Designing AI Systems: Composition Frameworks and Strategies. Many developers are now using “language model programming” frameworks that let them build applications out of multiple calls to AI models and other components. These include component libraries like LangChain and LlamaIndex that developers call from traditional programs, agent frameworks like AutoGPT and BabyAGI that let an LLM drive the application, and tools for controlling LM outputs, like Guardrails, Outlines, LMQL and SGLang. In parallel, researchers are developing numerous new inference strategies to generate better outputs using calls to models and tools, such as chain-of-thought, self-consistency, WikiChat, RAG and others.
Automatically Optimizing Quality: DSPy. Coming from academia, DSPy is the first framework that aims to optimize a system composed of LLM calls and other tools to maximize a target metric. Users write an application out of calls to LLMs and other tools, and provide a target metric such as accuracy on a validation set, and then DSPy automatically tunes the pipeline by creating prompt instructions, few-shot examples, and other parameter choices for each module to maximize end-to-end performance. The effect is similar to end-to-end optimization of a multi-layer neural network in PyTorch, except that the modules in DSPy are not always differentiable layers. To do that, DSPy leverages the linguistic abilities of LLMs in a clean way: to specify each module, users write a natural language signature, such as user_question -> search_query
, where the names of the input and output fields are meaningful, and DSPy automatically turns this into suitable prompts with instructions, few-shot examples, or even weight updates to the underlying language models.

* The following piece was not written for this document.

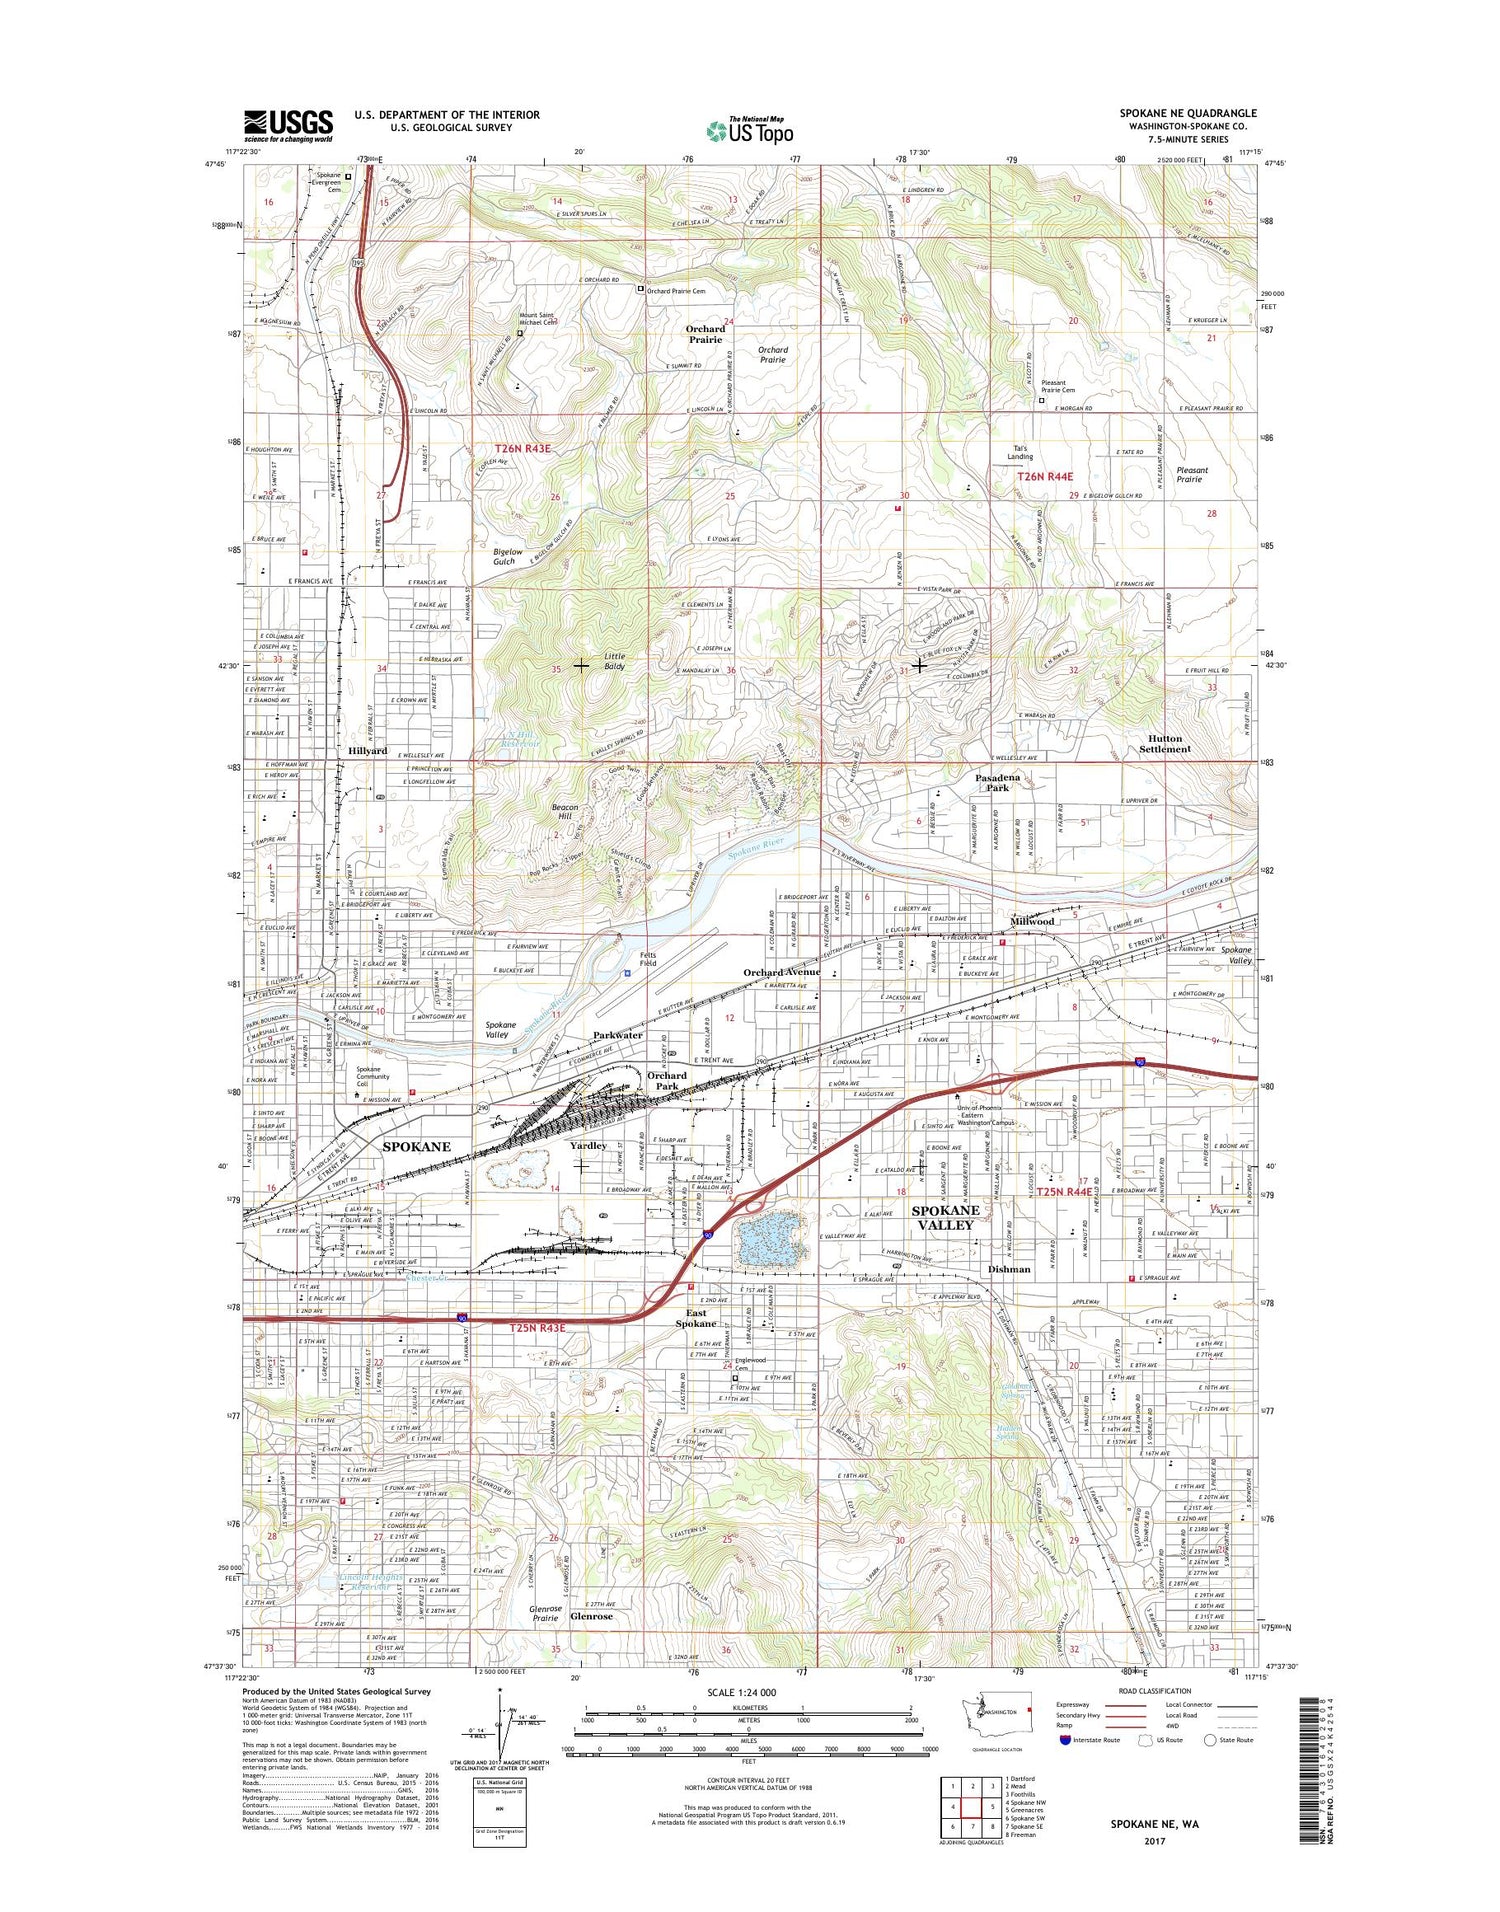 Spokane NE Washington US Topo Map Image

Optimizing Cost: FrugalGPT and AI Gateways. The wide range of AI models and services available makes it challenging to pick the right one for an application. Moreover, different models may perform better on different inputs. FrugalGPT is a framework to automatically route inputs to different AI model cascades to maximize quality subject to a target budget. Based on a small set of examples, it learns a routing strategy that can outperform the best LLM services by up to 4% at the same cost, or reduce cost by up to 90% while matching their quality. FrugalGPT is an example of a broader emerging concept of AI gateways or routers, implemented in software like Databricks AI Gateway, OpenRouter, and Martian, to optimize the performance of each component of an AI application. These systems work even better when an AI task is broken into smaller modular steps in a compound system, and the gateway can optimize routing separately for each step.
Operation: LLMOps and DataOps. AI applications have always required careful monitoring of both model outputs and data pipelines to run reliably. With compound AI systems, however, the behavior of the system on each input can be considerably more complex, so it is important to track all the steps taken by the application and intermediate outputs. Software like LangSmith, Phoenix Traces, and Databricks Inference Tables can track, visualize and evaluate these outputs at a fine granularity, in some cases also correlating them with data pipeline quality and downstream metrics. In the research world, DSPy Assertions seeks to leverage feedback from monitoring checks directly in AI systems to improve outputs, and AI-based quality evaluation methods like MT-Bench, FAVA and ARES aim to automate quality monitoring.
Generative AI has excited every developer by unlocking a wide range of capabilities through natural language prompting. As developers aim to move beyond demos and maximize the quality of their AI applications, however, they are increasingly turning to compound AI systems as a natural way to control and enhance the capabilities of LLMs. Figuring out the best practices for developing compound AI systems is still an open question, but there are already exciting approaches to aid with design, end-to-end optimization, and operation. We believe that compound AI systems will remain the best way to maximize the quality and reliability of AI applications going forward, and may be one of the most important trends in AI in 2024.